Nuala A O'Leary 1, Catherine M Farrell 1, Jane E Loveland 2, Jonathan M Mudge 2, Craig Wallin 1, Carlos G Girón 2, Mark Diekhans 3, If Barnes 2, Ruth Bennett 2, Andrew E Berry 2, Eric Cox 1, Claire Davidson 2, Tamara Goldfarb 1, Jose M Gonzalez 2, Toby Hunt 2, John Jackson 1, Vinita Joardar 1, Mike P Kay 2, Vamsi K Kodali 1, Fergal J Martin 2, Monica McAndrews 4, Kelly M McGarvey 1, Michael Murphy 1, Bhanu Rajput 1, Sanjida H Rangwala 1, Lillian D Riddick 1, Ruth L Seal 5, Marie-Marthe Suner 2, David Webb 1, Sophia Zhu 4, Bronwen L Aken 2, Elspeth A Bruford 5, Carol J Bult 4, Adam Frankish 2, Terence Murphy 1, Kim D Pruitt 1
Affiliations
- PMID: 29126148
- PMCID: PMC5753299
- DOI: 10.1093/nar/gkx1031
Consensus coding sequence (CCDS) database: a standardized set of human and mouse protein-coding regions supported by expert curation
Shashikant Pujar et al.
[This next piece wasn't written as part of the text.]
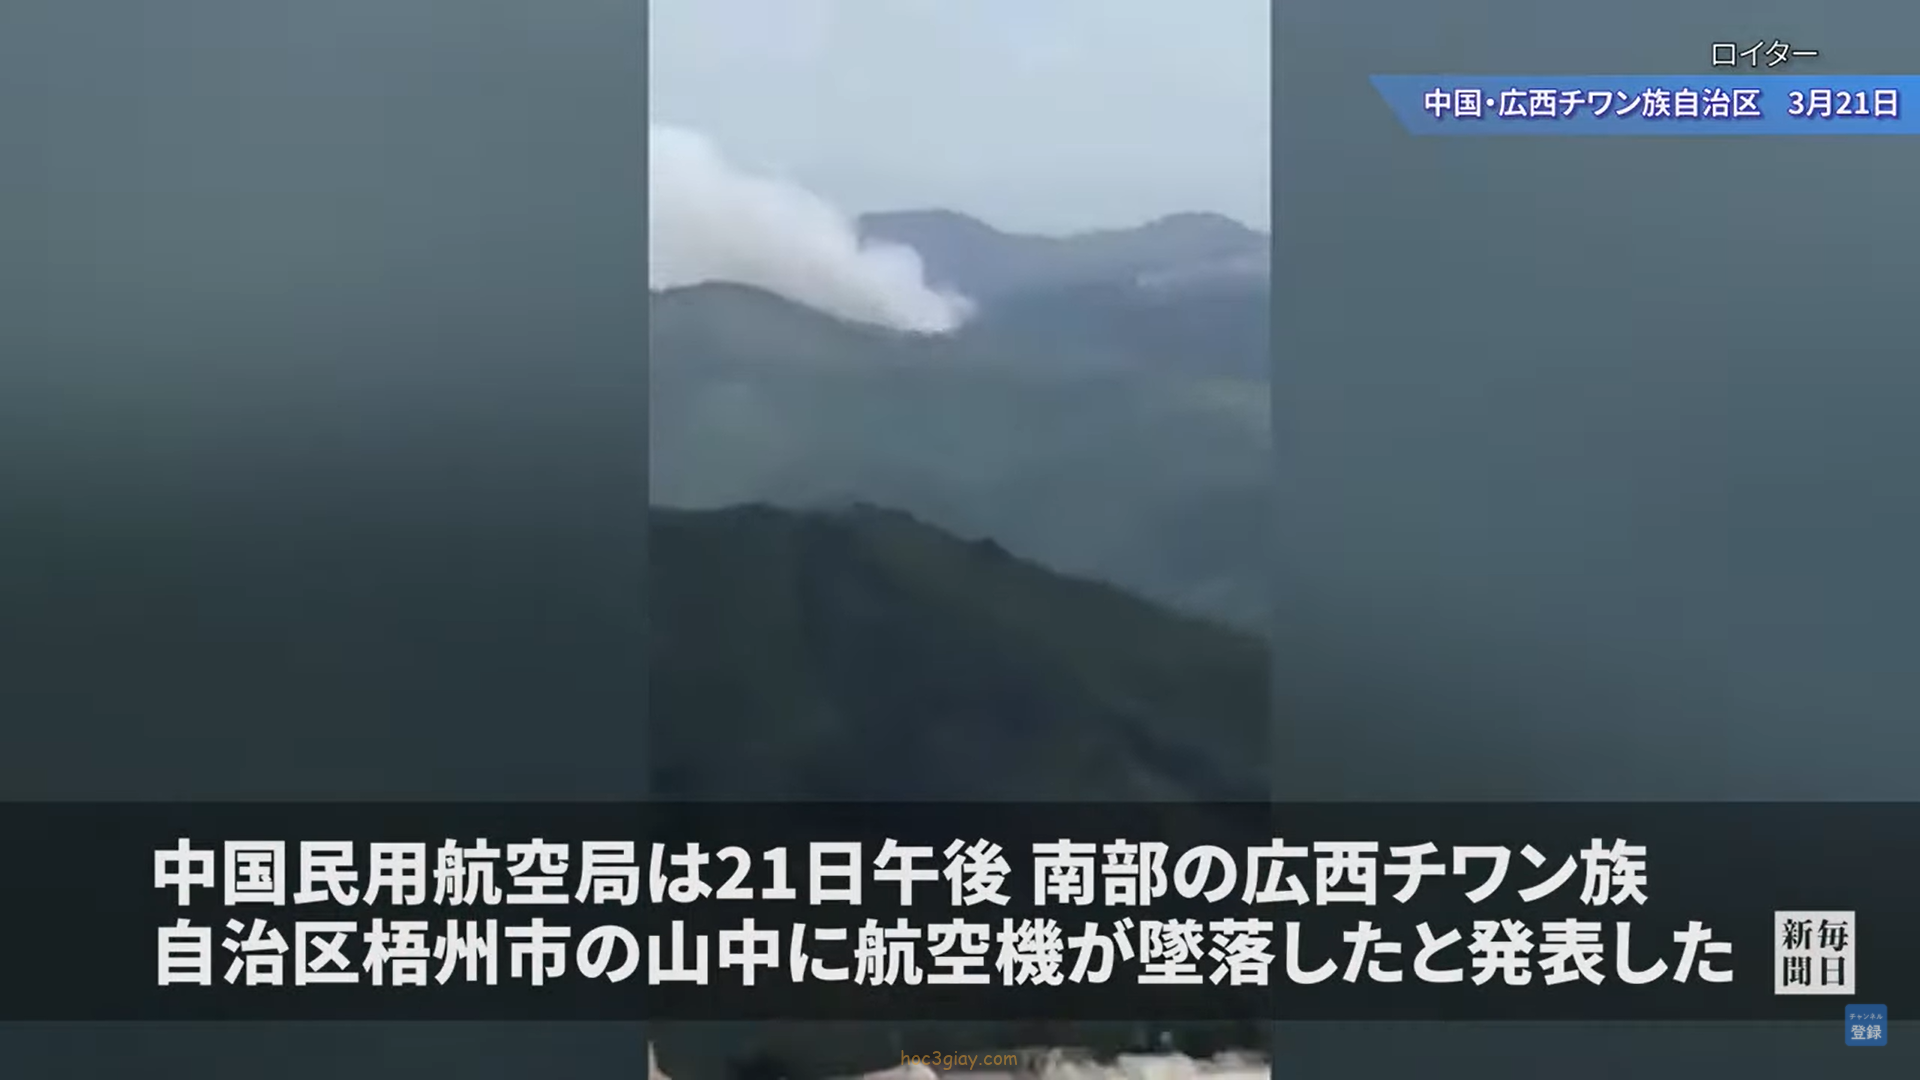 Máy bay với 132 hành khách gặp nạn ở miền nam Trung Quốc bị nhà chức trách hàng không Trung Quốc thông báo

Nucleic Acids Res. 2018.
Abstract
The Consensus Coding Sequence (CCDS) project provides a dataset of protein-coding regions that are identically annotated on the human and mouse reference genome assembly in genome annotations produced independently by NCBI and the Ensembl group at EMBL-EBI. This dataset is the product of an international collaboration that includes NCBI, Ensembl, HUGO Gene Nomenclature Committee, Mouse Genome Informatics and University of California, Santa Cruz. Identically annotated coding regions, which are generated using an automated pipeline and pass multiple quality assurance checks, are assigned a stable and tracked identifier (CCDS ID). Additionally, coordinated manual review by expert curators from the CCDS collaboration helps in maintaining the integrity and high quality of the dataset. The CCDS data are available through an interactive web page (https://www.ncbi.nlm.nih.gov/CCDS/CcdsBrowse.cgi) and an FTP site (ftp://ftp.ncbi.nlm.nih.gov/pub/CCDS/). In this paper, we outline the ongoing work, growth and stability of the CCDS dataset and provide updates on new collaboration members and new features added to the CCDS user interface. We also present expert curation scenarios, with specific examples highlighting the importance of an accurate reference genome assembly and the crucial role played by input from the research community.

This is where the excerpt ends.